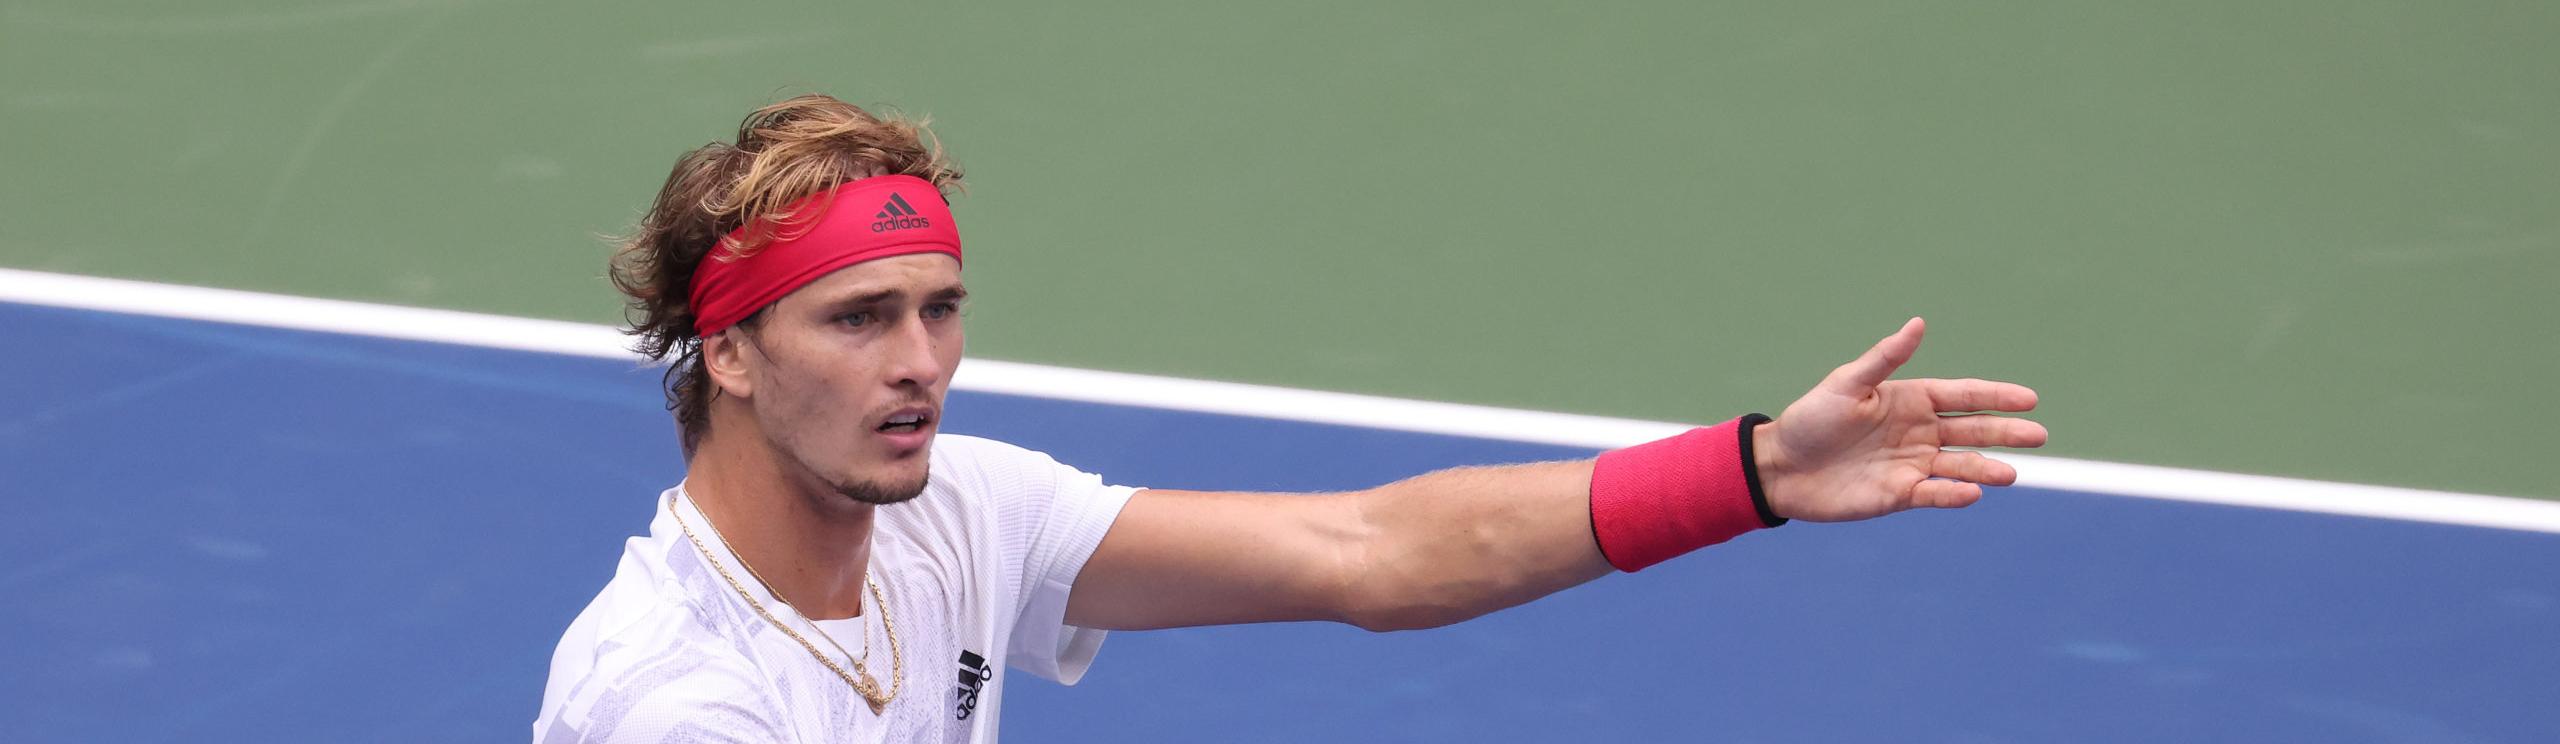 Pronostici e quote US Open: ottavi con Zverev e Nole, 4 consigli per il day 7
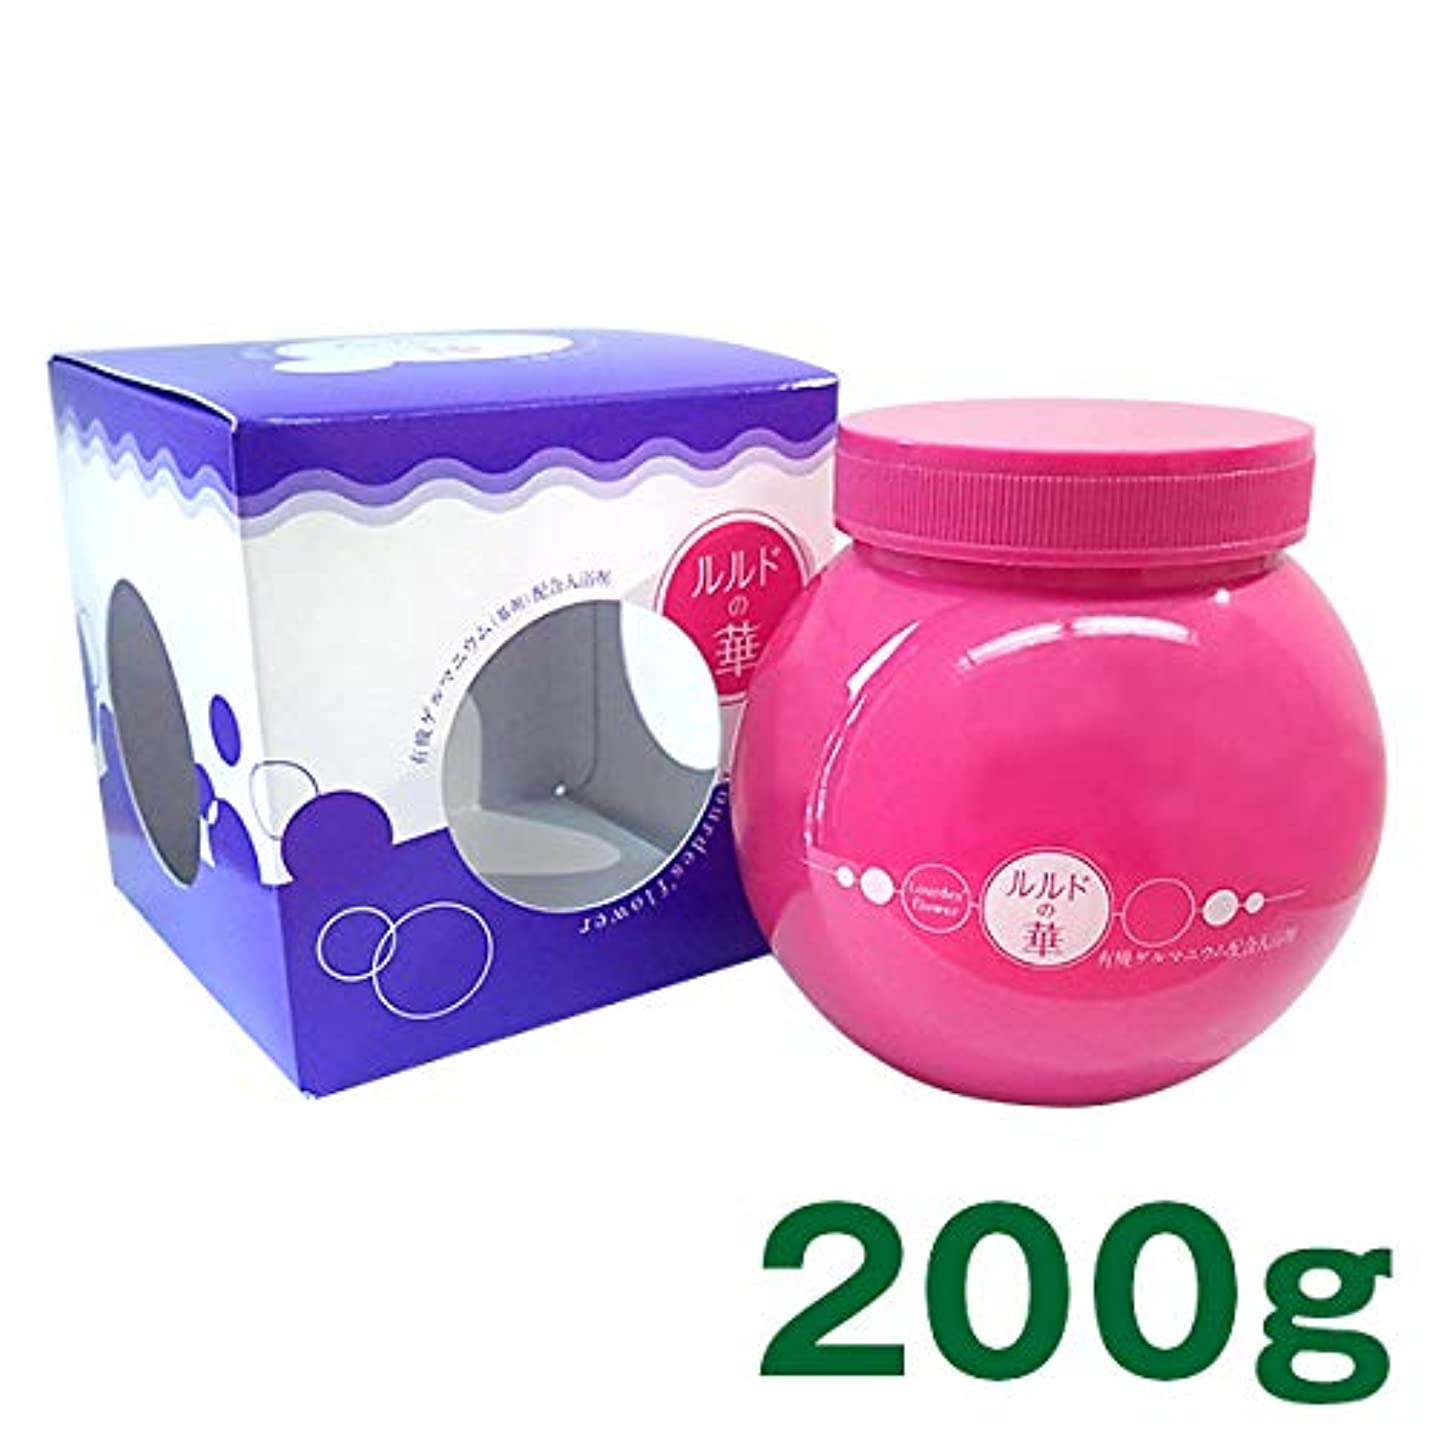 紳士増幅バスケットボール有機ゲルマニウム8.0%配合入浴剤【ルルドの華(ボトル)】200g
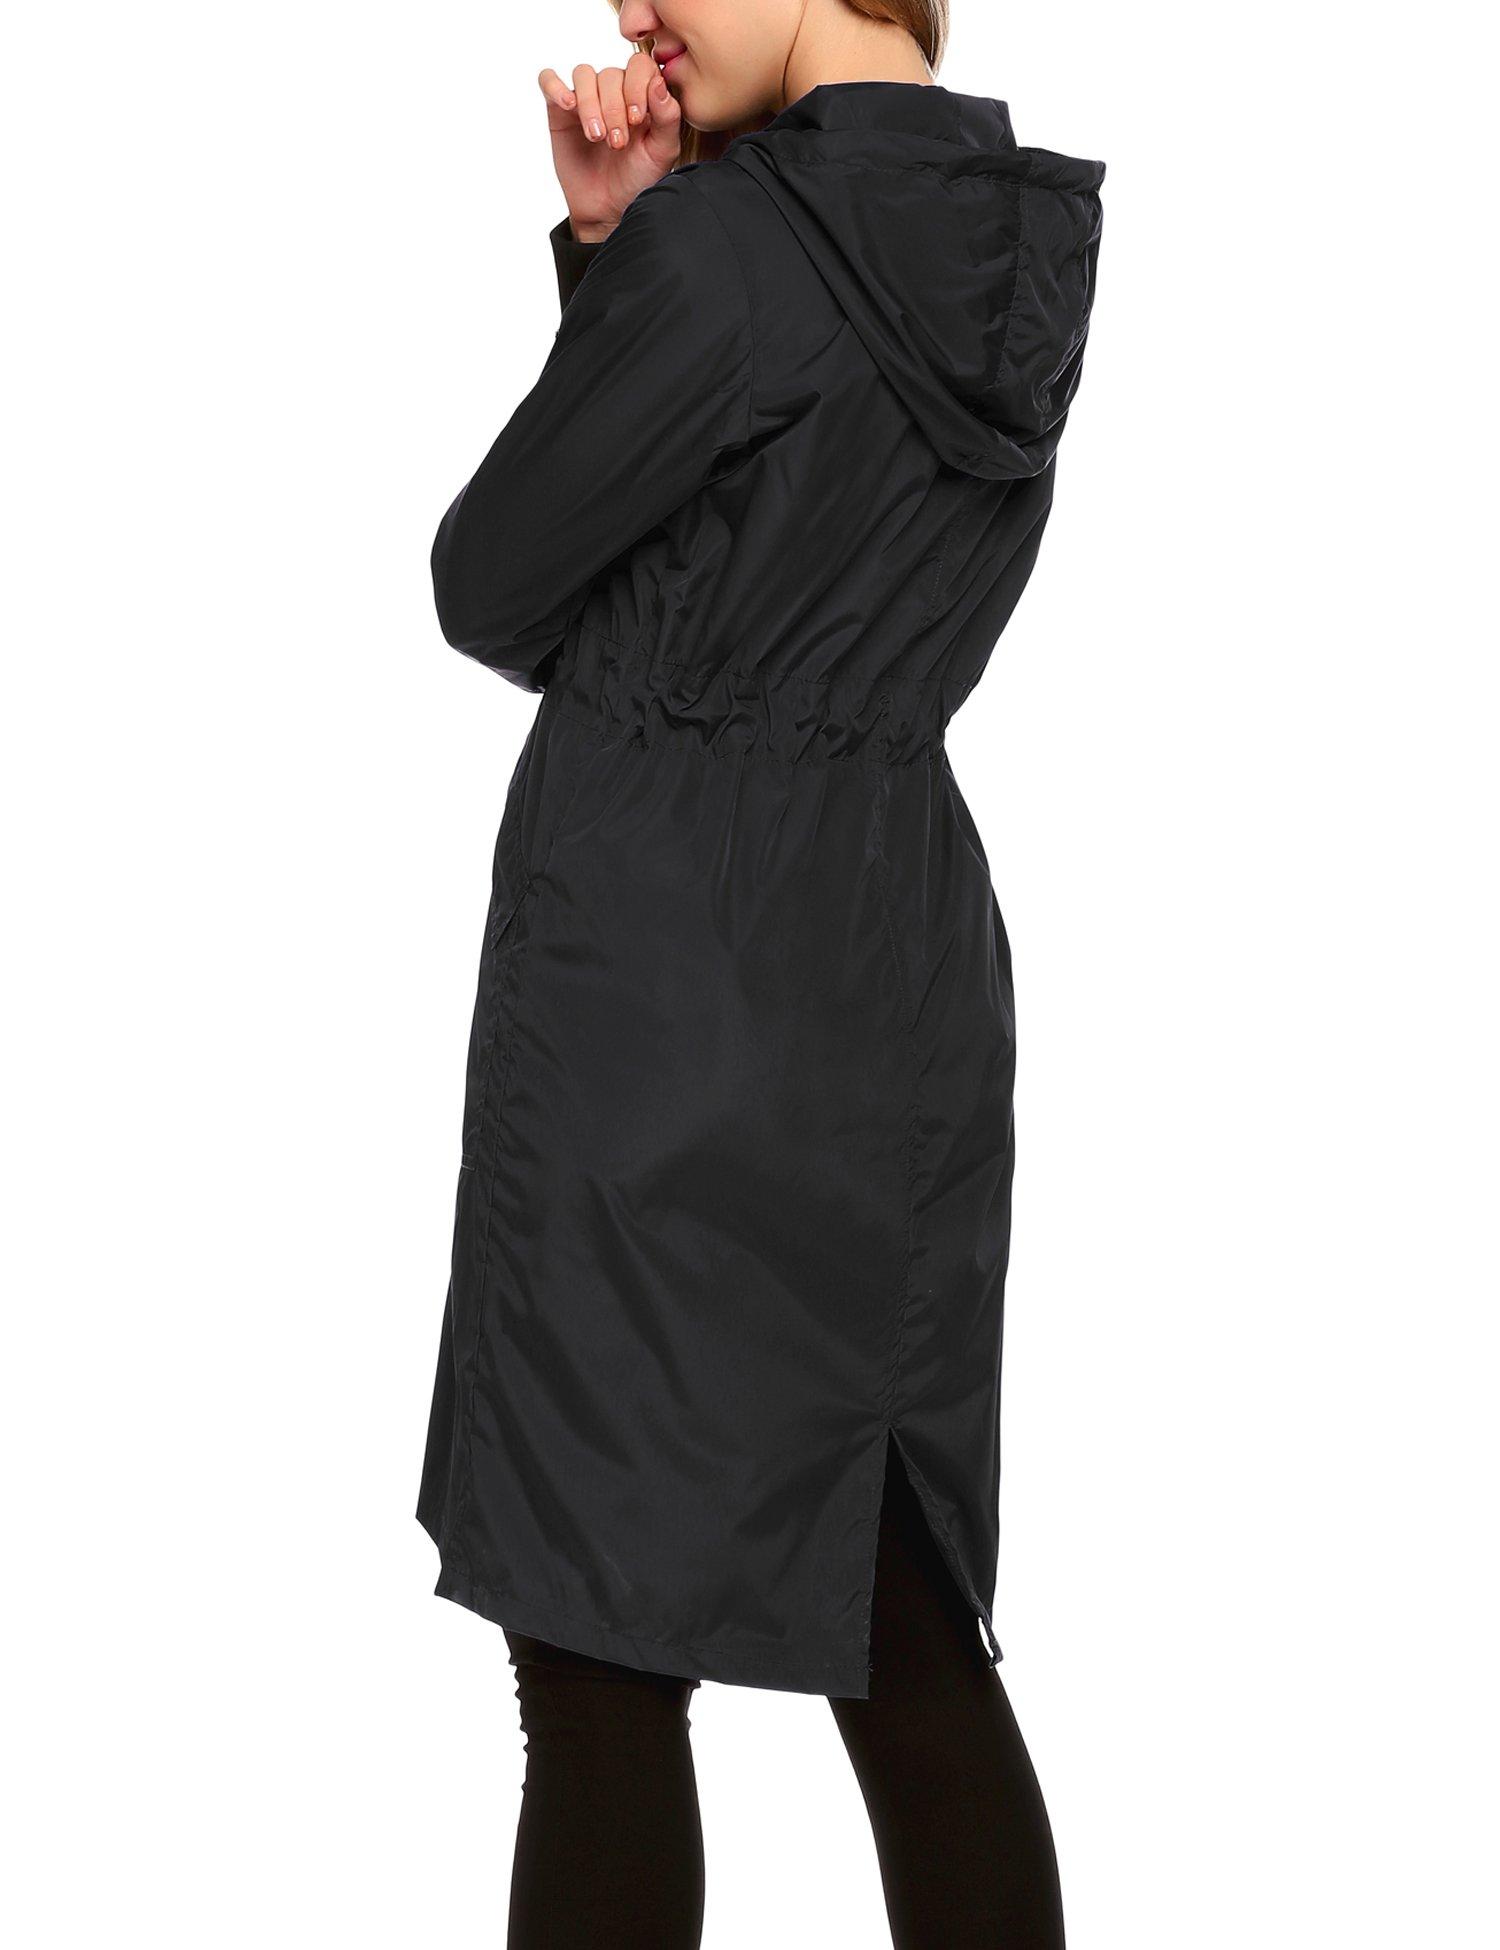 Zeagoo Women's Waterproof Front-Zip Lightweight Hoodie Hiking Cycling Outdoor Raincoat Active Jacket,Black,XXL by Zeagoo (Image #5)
*****
WHAT THE EXERCISE ASKS:
Your reply must match the data above line for line, except that it holds no pictures.

RESULT OF THIS TASK:
 Pronostici e quote US Open: ottavi con Zverev e Nole, 4 consigli per il day 7
 紳士増幅バスケットボール有機ゲルマニウム8.0%配合入浴剤【ルルドの華(ボトル)】200g
 Zeagoo Women's Waterproof Front-Zip Lightweight Hoodie Hiking Cycling Outdoor Raincoat Active Jacket,Black,XXL by Zeagoo (Image #5)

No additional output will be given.